The nonprofit released the RegretsReporter extension this week with the aim of crowdsourcing research into issues with YouTube’s recommendations engine and better understanding why those issues exist.
Mozilla vice president of advocacy and engagement Ashley Boyd said in a blog post, “YouTube recommendations can be delightful, but they can also be dangerous. The platform has a history of recommending harmful content—from pandemic conspiracies to political disinformation—to its users, even if they’ve previously viewed harmless content.”
Here’s how RegretsReporter works: As users browse YouTube, the extension will automatically send data to Mozilla about time spent on the platform, without sharing information on what those users are watching or searching.
Users can also opt into sending Mozilla a report, where they will be asked for more information on their YouTube regrets, including the video they are reporting and how they arrived at that video.

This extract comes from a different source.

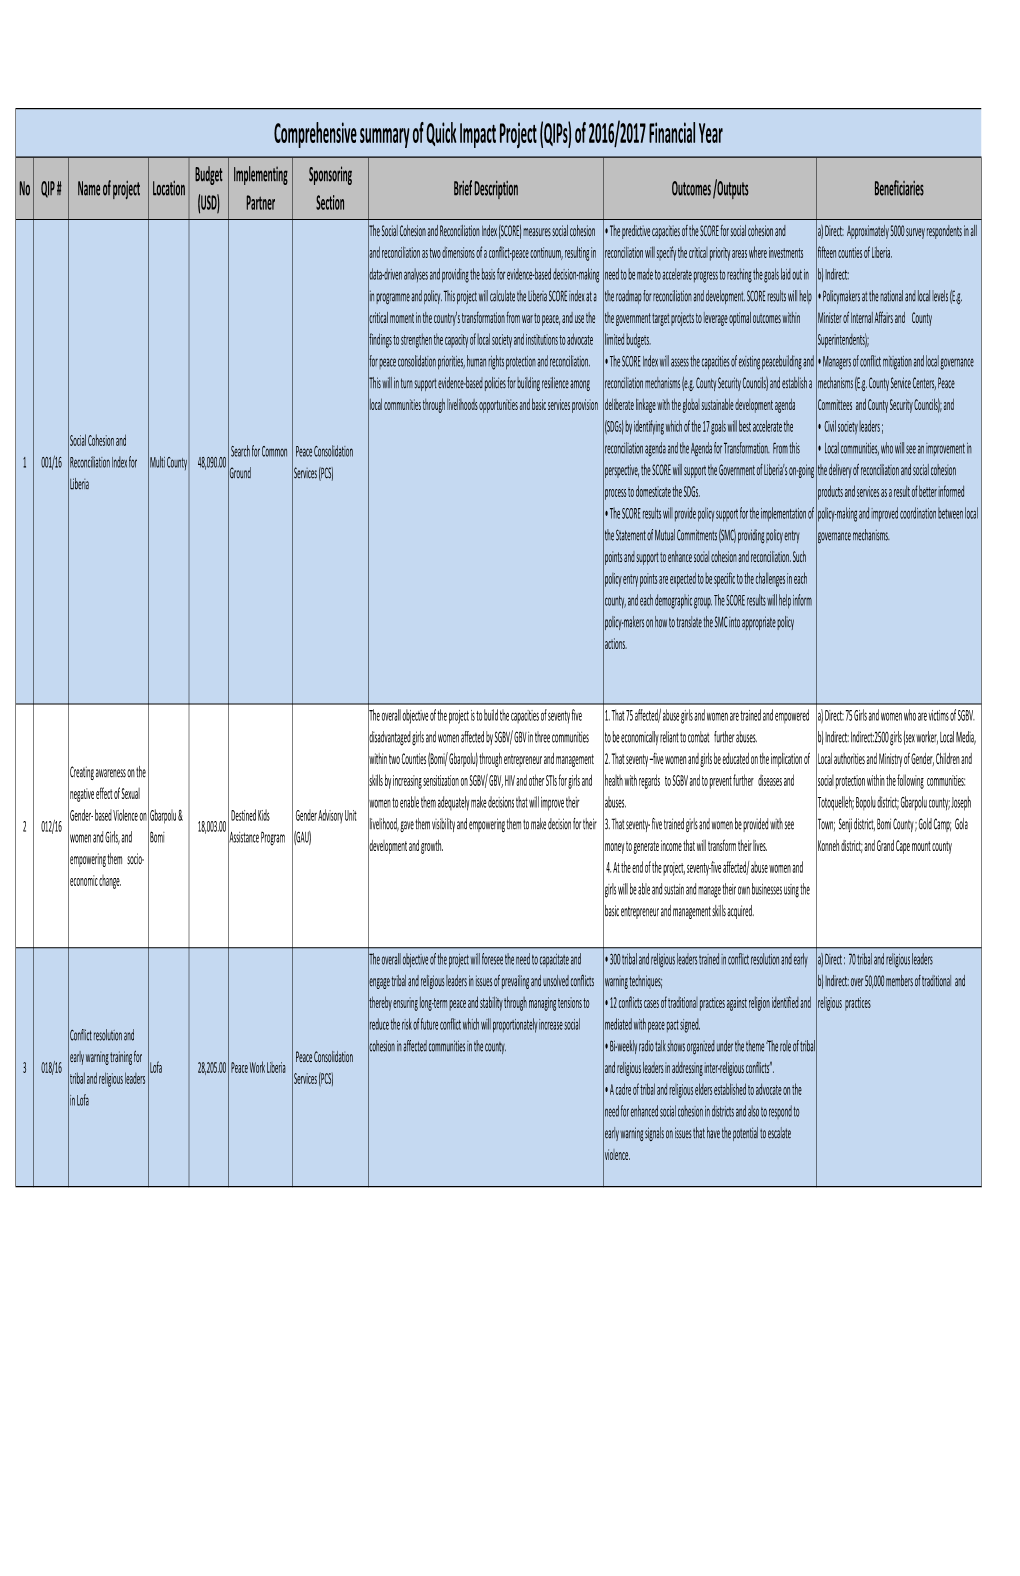 Copy of Comprehensive Summary of UNMIL's Qips 2016-2017.Xlsx

Mozilla stressed that any data collected is linked to a randomly generated user ID, and not users’ YouTube accounts, and that whatever information it discloses from the data it collects will be shared in a way to minimize the risk of users being identified.

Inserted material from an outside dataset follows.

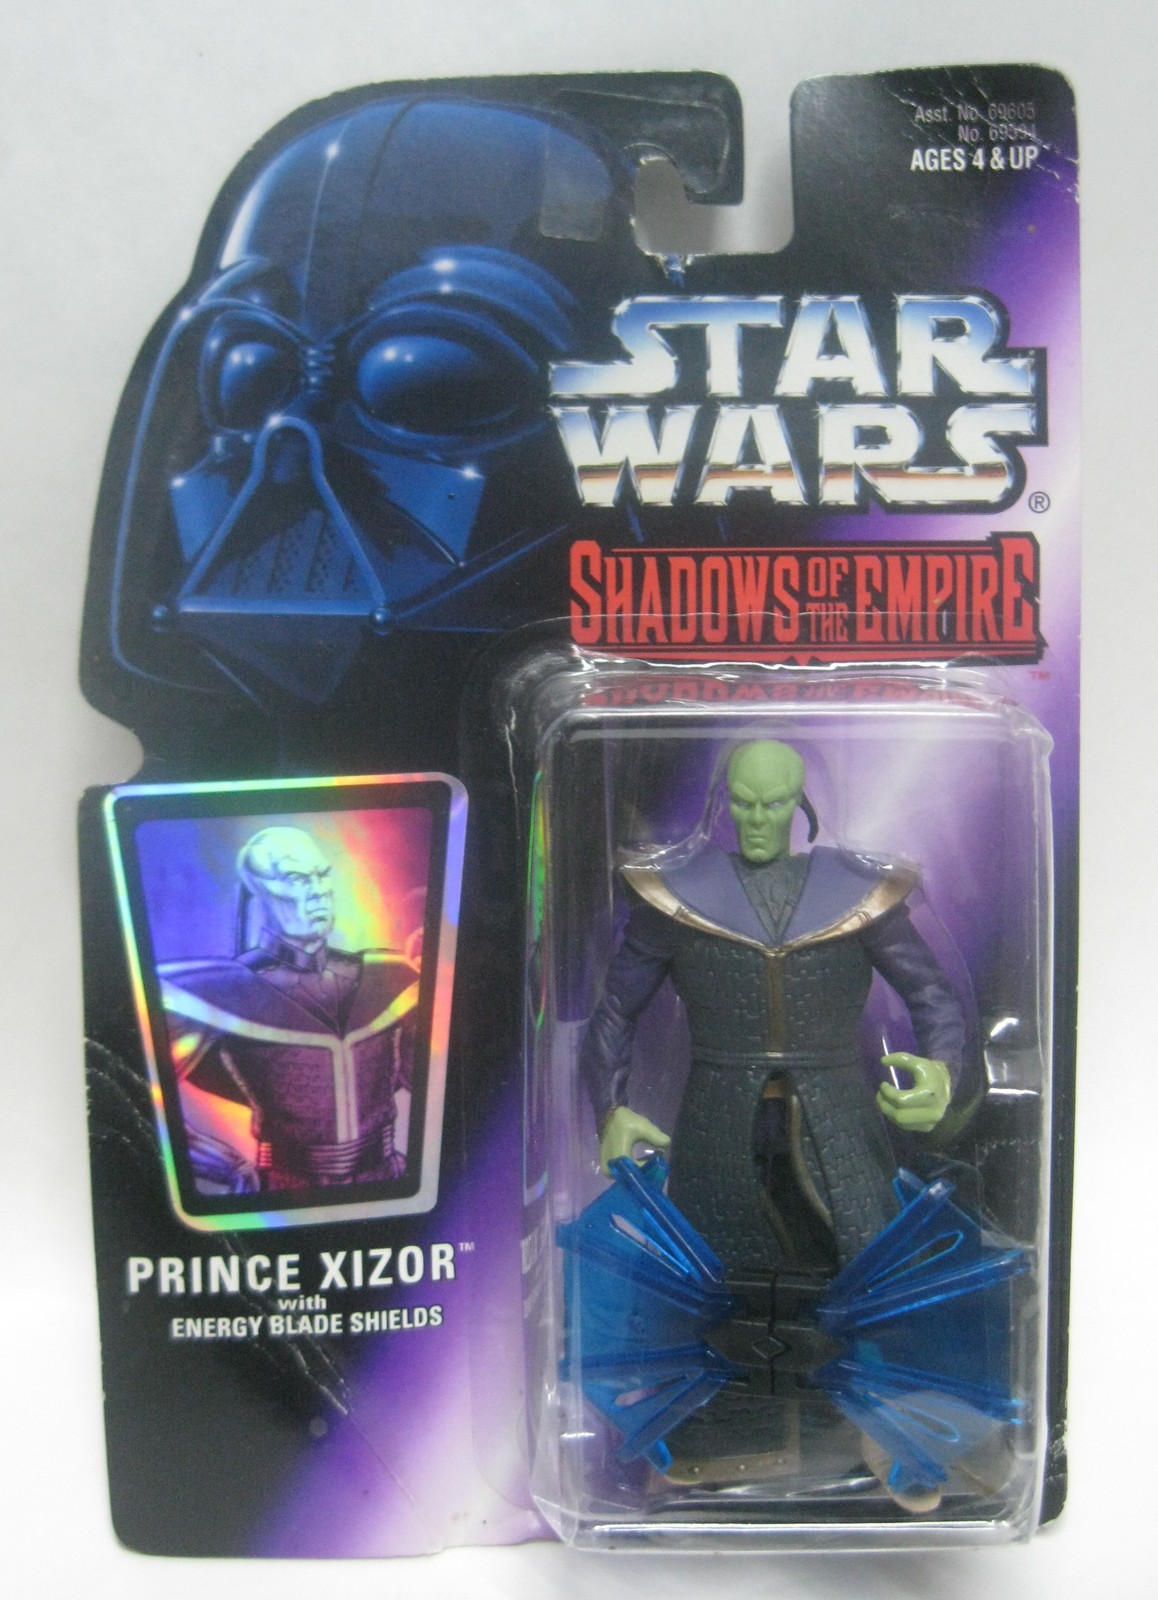 1996 Star Wars Shadows of the Empire, Prince Xizor with Energy Blade Shields NIP - $12.95

RegretsReporter does not collect any data if the user is in a private browsing window.
Mozilla urged users not to modify their behavior on YouTube while using RegretsReporter, such as by going out of their way to search for regrettable content, adding, “Use YouTube as you normally do. That is the only way that we can collectively understand whether YouTube’s problem with recommending regrettable content is improving, and which areas they need to do better on.”
The nonprofit said it will use the information it collects to work with journalists, policymakers, researchers and YouTube engineers to build more trustworthy systems for recommending content, and it will publicly share findings from its research.
Mozilla granted a fellowship to former YouTube engineer Guillaume Chaslot in July 2019 to investigate artificial intelligence systems, including the YouTube recommendations engine.
Boyd wrote, “Despite the serious consequences, YouTube’s recommendation algorithm is entirely mysterious to its users. What will YouTube be recommending that users in the U.S. watch in the last days before the election? Or in the following days, when the election results may not be clear?”